There are some very early patents for saddles from the late 1800s that are super old timey and the TOC guys probably are familiar with them.  Saw some bizarre designs with completely separate pads for each butt cheek.  








You can also see in the Provoost patent above that there are springs in the front (nose) and rear of each side.

Once they started making single pan seats the designs quickly evolved into the 3 spring seats with a spring in the nose and two in the rear.

*3 spring design from Brampton 1902*




*3 spring design from Mesinger 1904*




*3 spring design from Troxel 1908*





Then there's a period of time where the saddle makers are experimenting with better spring arrangements for the rear springs.

*In 1909 Mesinger gets close to the basic counter acting spring pairs* but the design looks too complicated and expensive.  The link 23 and 26 is whacko but you see the basic form of a nose coil spring and helical spring pairs in the rear.  One helical spring 18 is compressing while the other 19 is expanding.




*Persons is close in 1910 too*.  The top spring 21 resting on the cross bar 24 is kind of like Mesinger above.



*and even more complicated in 1911*




*Then in 1912 Troxel nails the rear opposing springs with this patent.*  The nose spring is missing but the rear springs are fully developed.




*Persons is still working on some interesting designs in 1912 and 1914*







*This one from Persons in 1914 is pretty cool with the compression spring wound around the expansion spring* formed from the same spring steel rod.




*Brooks is working on overly complicated designs in 1914 too.*




*Mesinger is getting closer in 1915 but its a single long spring*




*Persons gets the opposing springs figured out in 1916 walking a close line to the 1912 Troxel patent.*



*more variation from Persons in 1916.*




*In 1923 Mesinger shows this design with a more formed platform 13 between the opposed springs and a nose coil at the front.*




*In 1935 Linder at Troxel patents the classic Troxel long spring design with a nose coil and two opposed rear springs connected in the middle.*  Notice how the bottom springs are attached to the center rods by threading on at 11, not with nuts like the designs above.







In 1937 Hayes at Troxel shows the Tool Box Saddle design. 




*In 1942 Kalter at Troxel shows the oval shaped nose coil and the bell shaped bottom springs*



*And also the cupped spring attachment*


----------



## Miq (Feb 20, 2020)

1903 Pope? sold by American Cycle Mfg.




Pope Mfg 1904




1916 Morley Bros



























1940s Troxel




1944 Troxel






1946 Troxel 




1947 Troxel




1948 Troxel


----------



## Balloonoob (Feb 20, 2020)

Man this is a well organized thread.

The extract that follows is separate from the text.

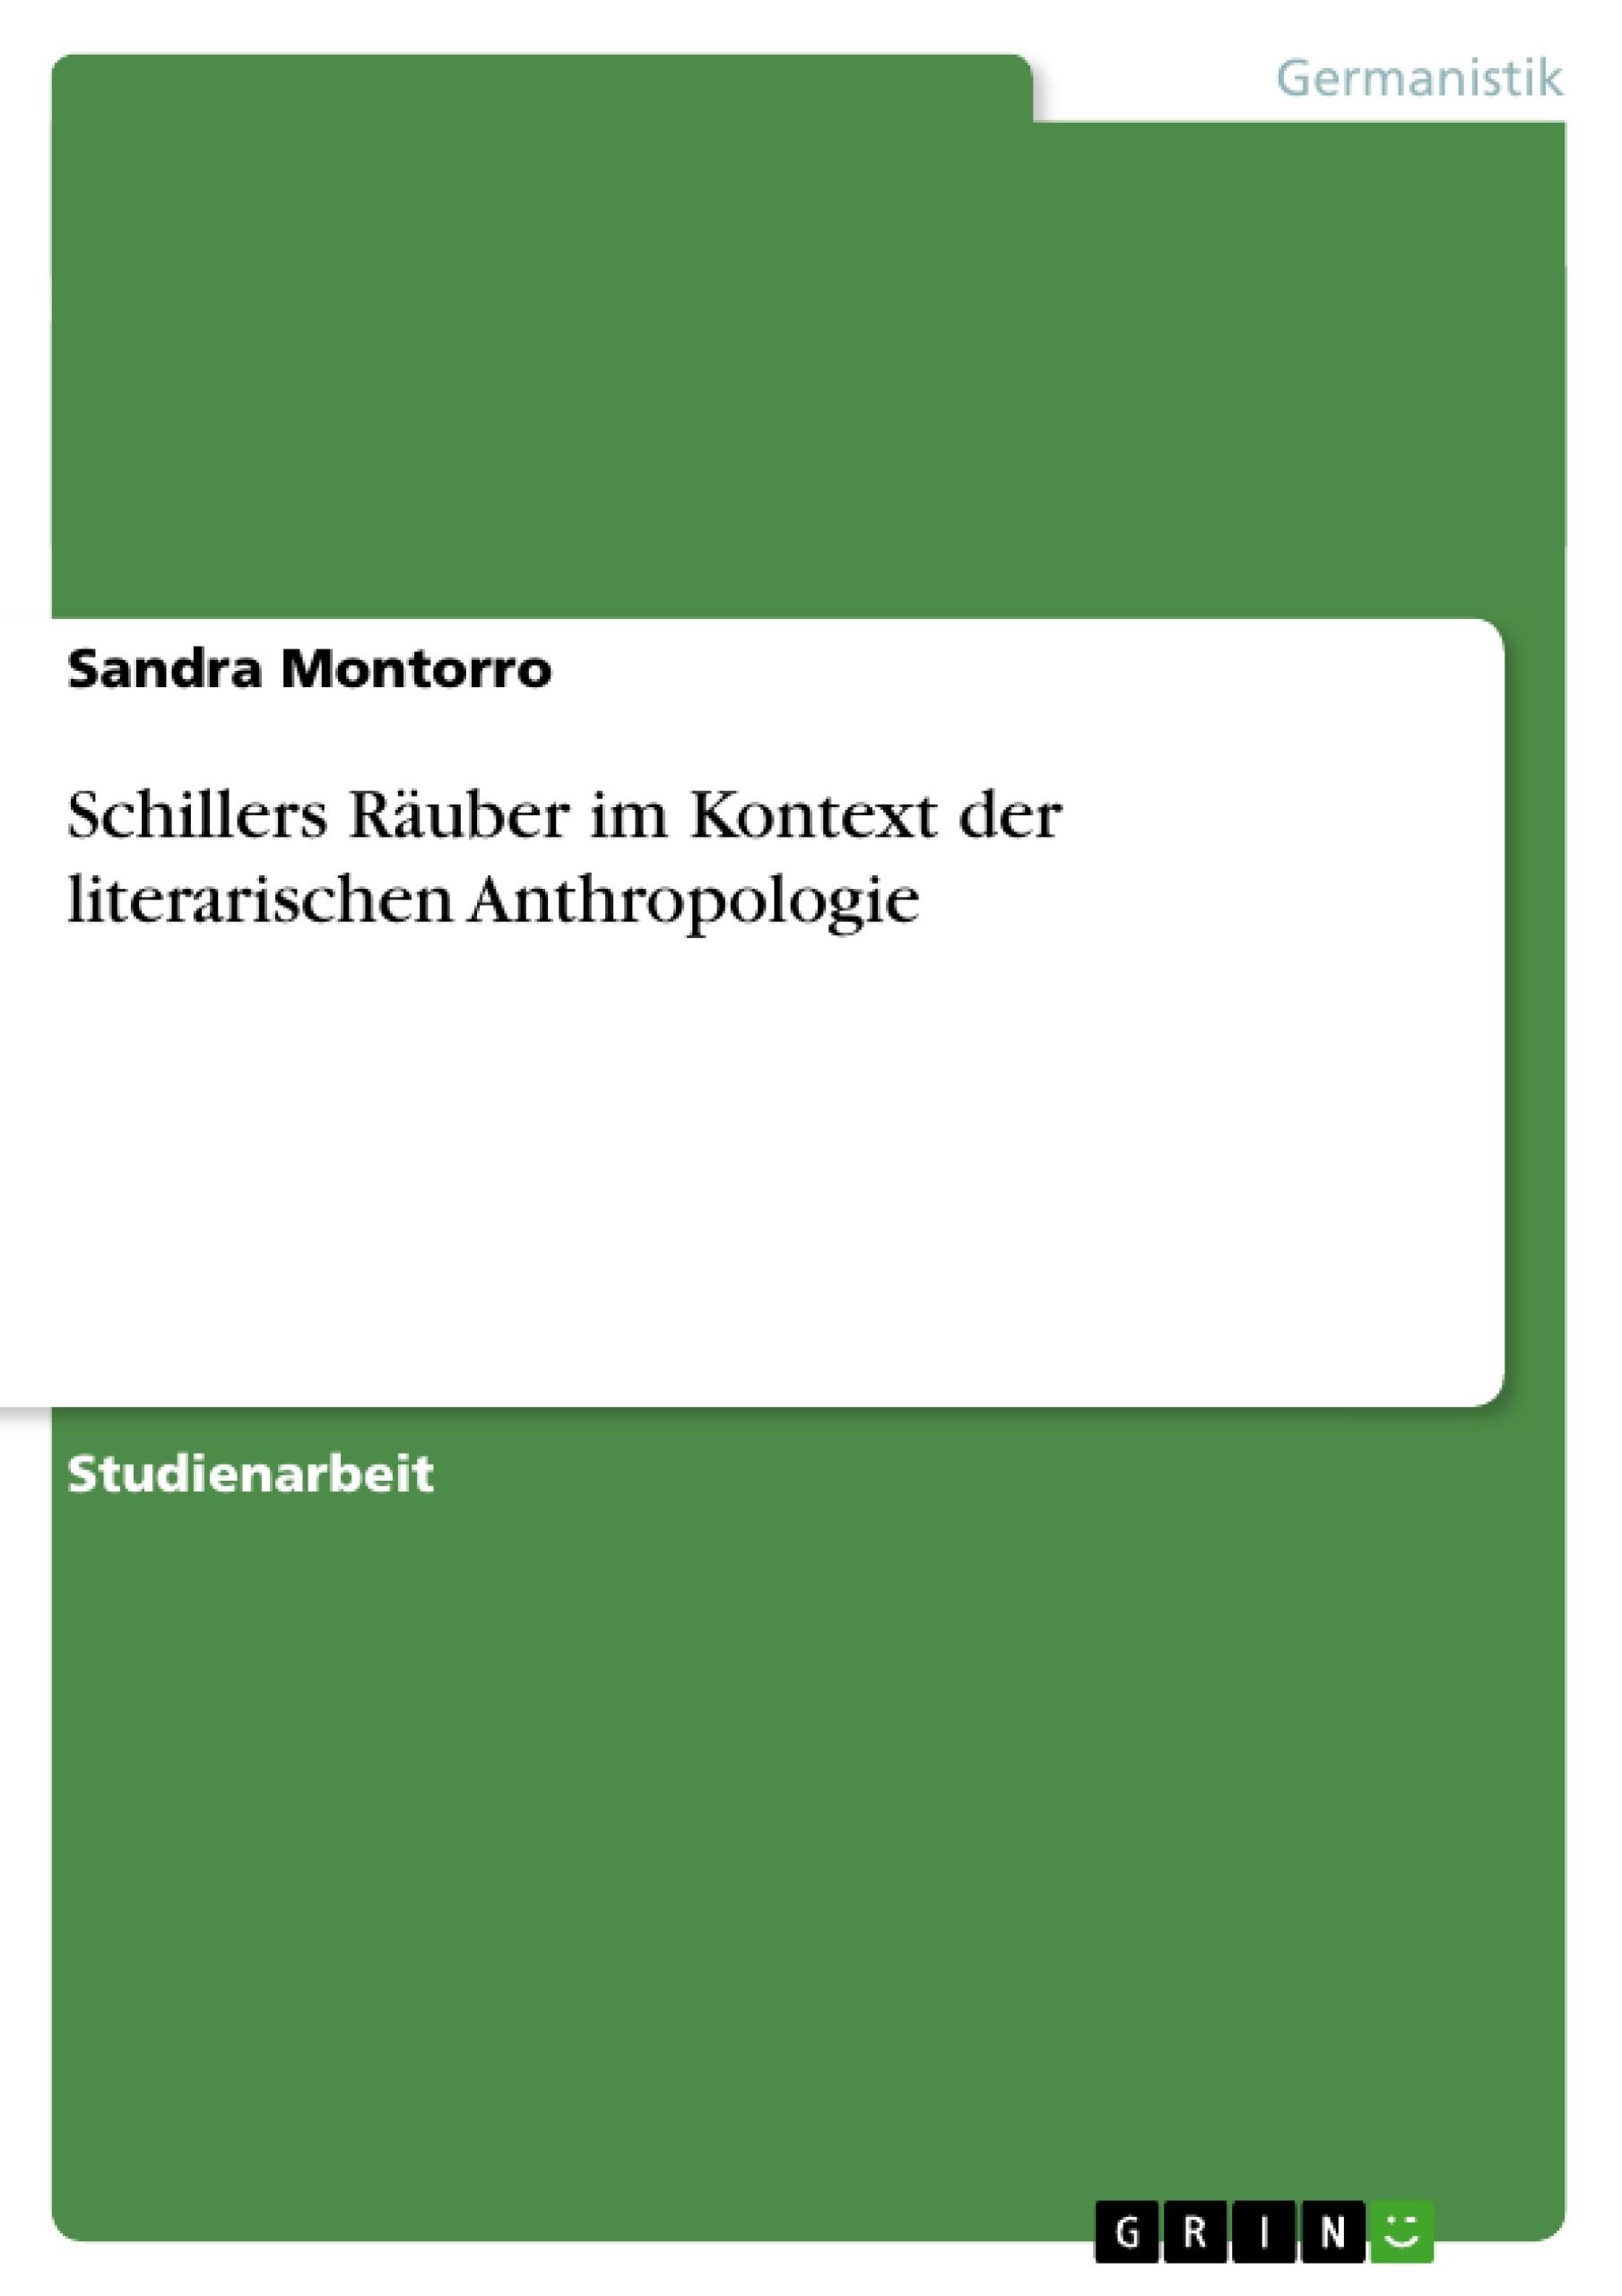 Titel: Schillers Räuber im Kontext der literarischen Anthropologie

Watching this one for sure.


----------



## Miq (Feb 20, 2020)

Thanks @Balloonoob !!

I can start to put model names to some of the designs.

*The Morley Bros 1916 catalog has the Persons Apollo*



that's the "compound spring within a spring" in the 1914 patent but a slightly different frame.

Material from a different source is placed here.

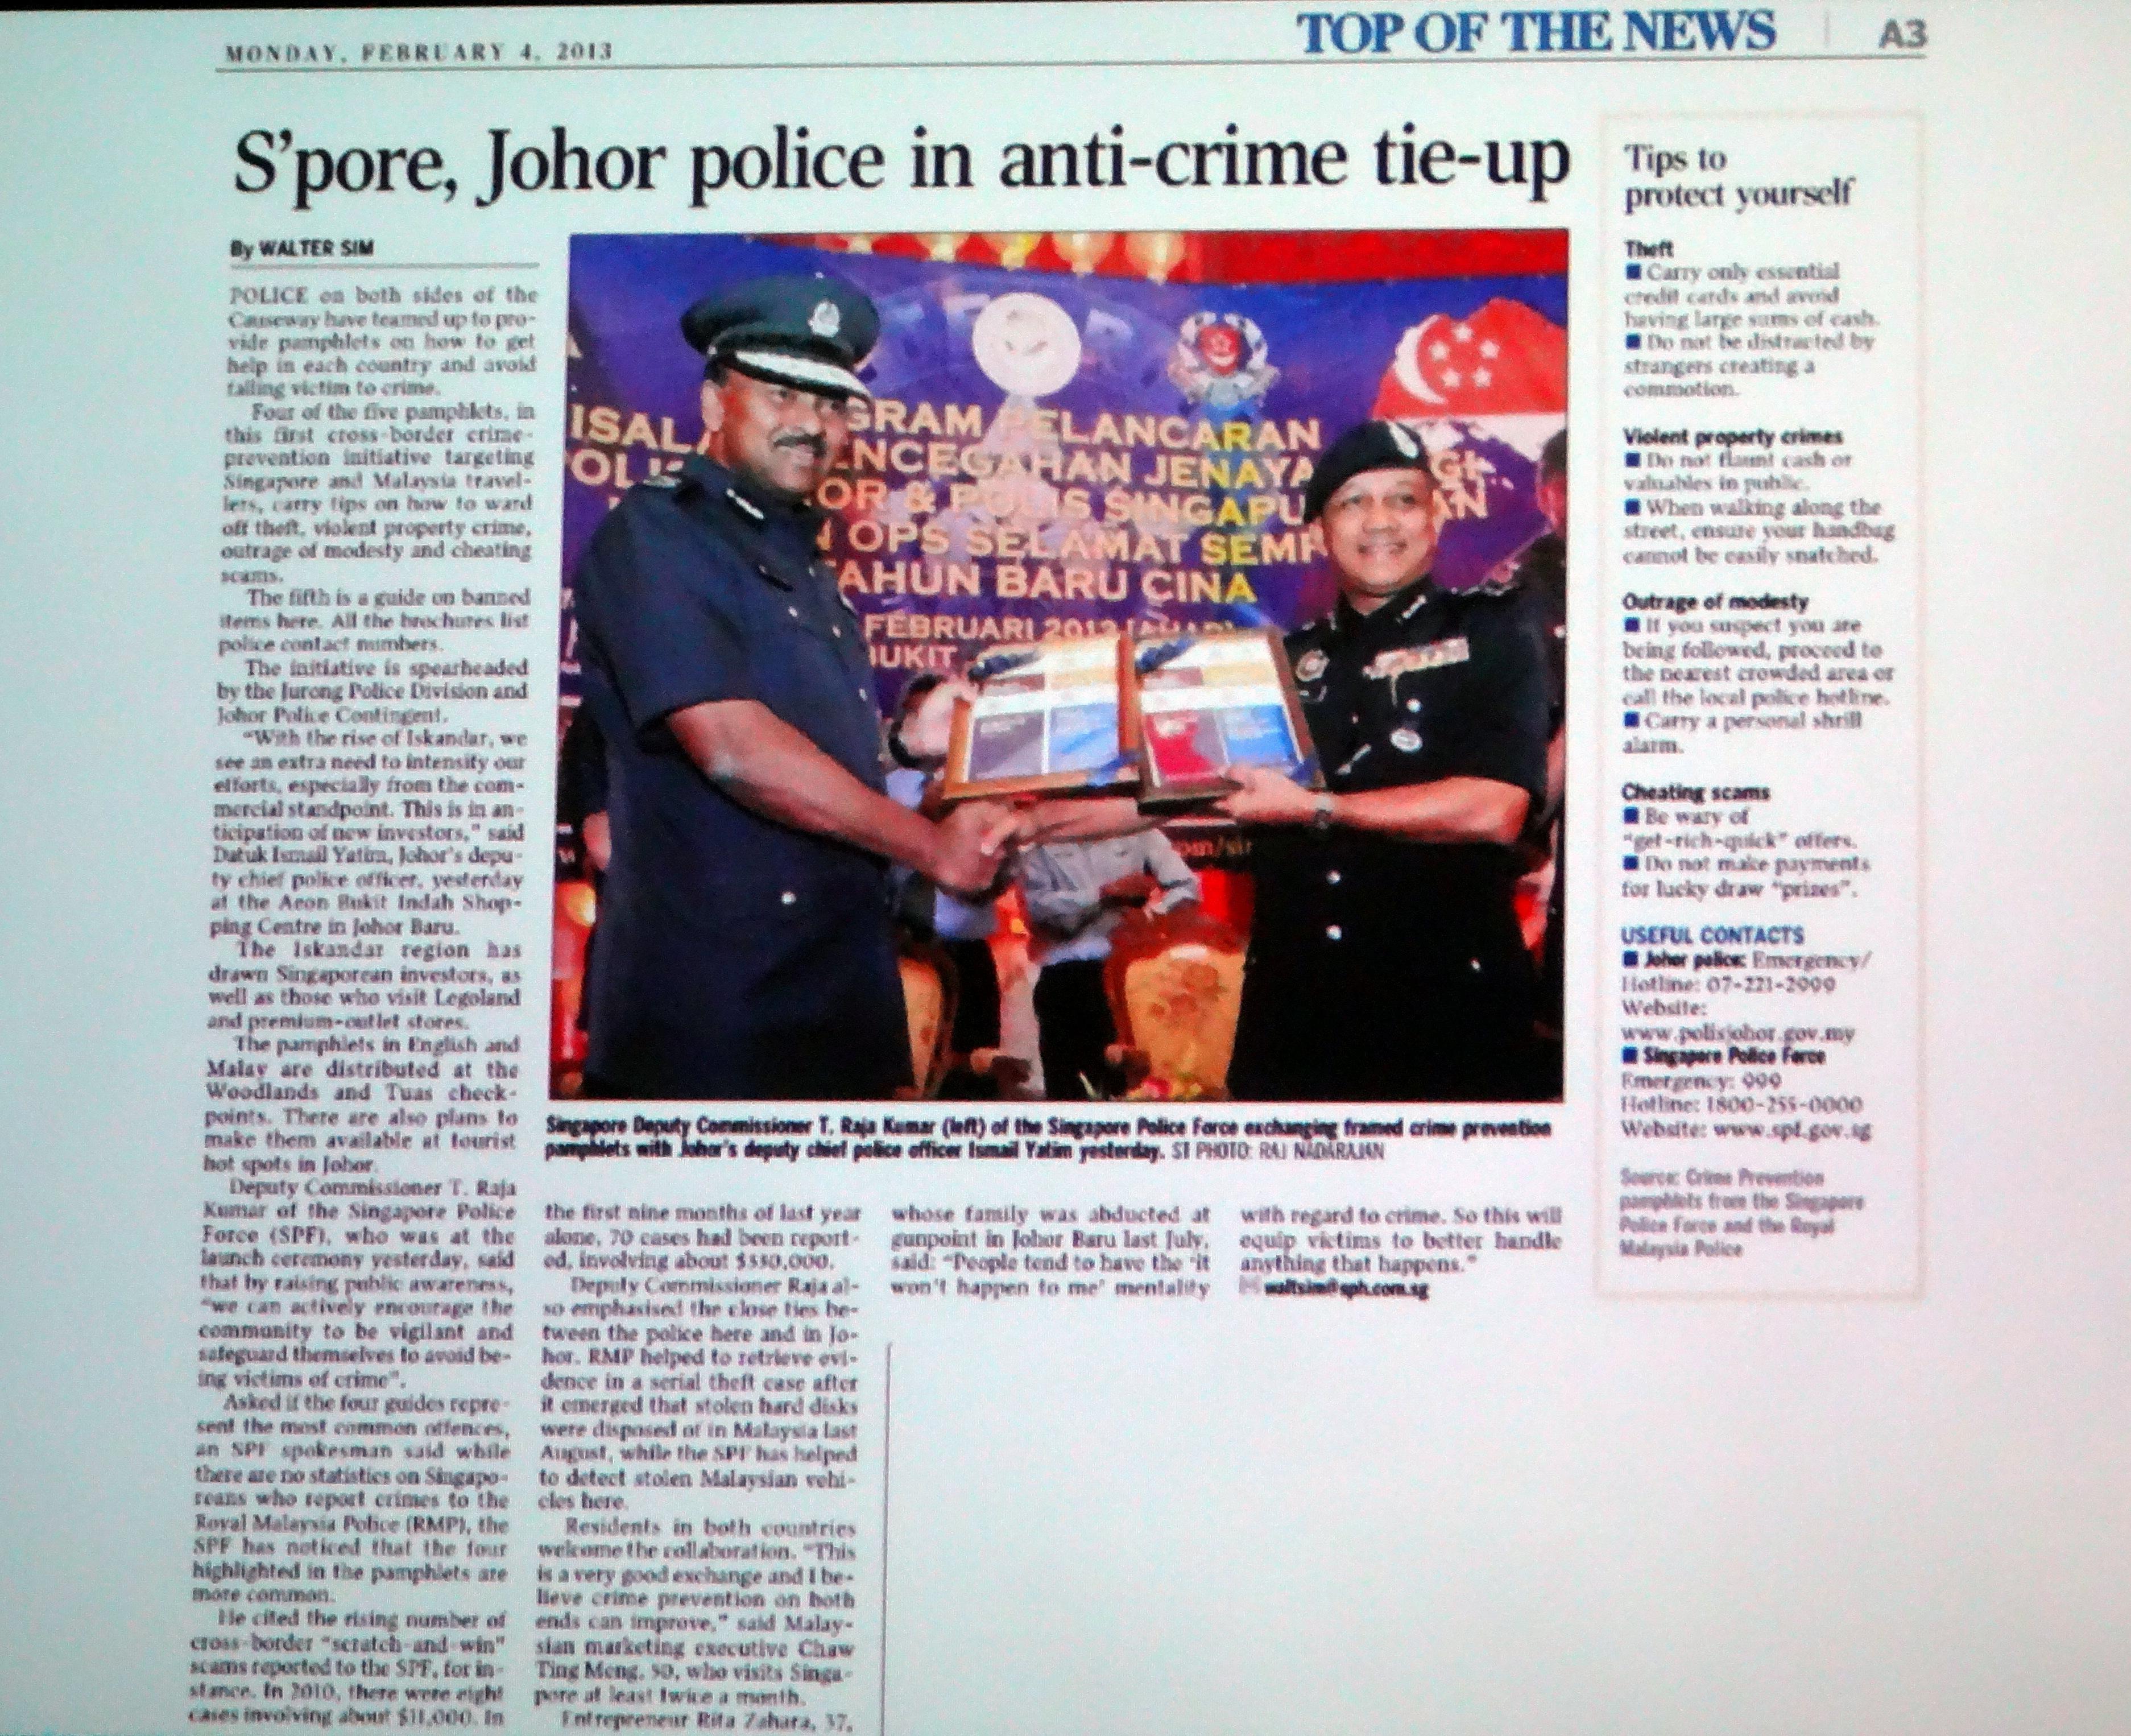 Spore Johor police in anti – crime tie-up

*The Spartan and Imperial*




are like the Persons 1912 patent




*Troxel Motor Bike*



is like the 1912 Troxel patent with a real nose coil spring


----------



## ccmerz (Feb 21, 2020)

Please be seated! When it comes to saddles, nothing comes close to the complex engineering and beauty of this part of the bicycle. After all, when you sit on it, it's first impressions that make an impact!


----------



## Miq (Feb 21, 2020)

Well said @ccmerz !!  There was a lot of thought and design effort put into saddles over the decades.  Here's some more models with their design patents:

*Troxel Tool Box Saddle*  (from @Balloonatic restored saddle sale)



*Jeweled reflector and metal clip just like the 1937 Troxel Hayes patent.* 





*End of the war ads (1944) shows the** two Troxel Kalter designs from the early 40s*.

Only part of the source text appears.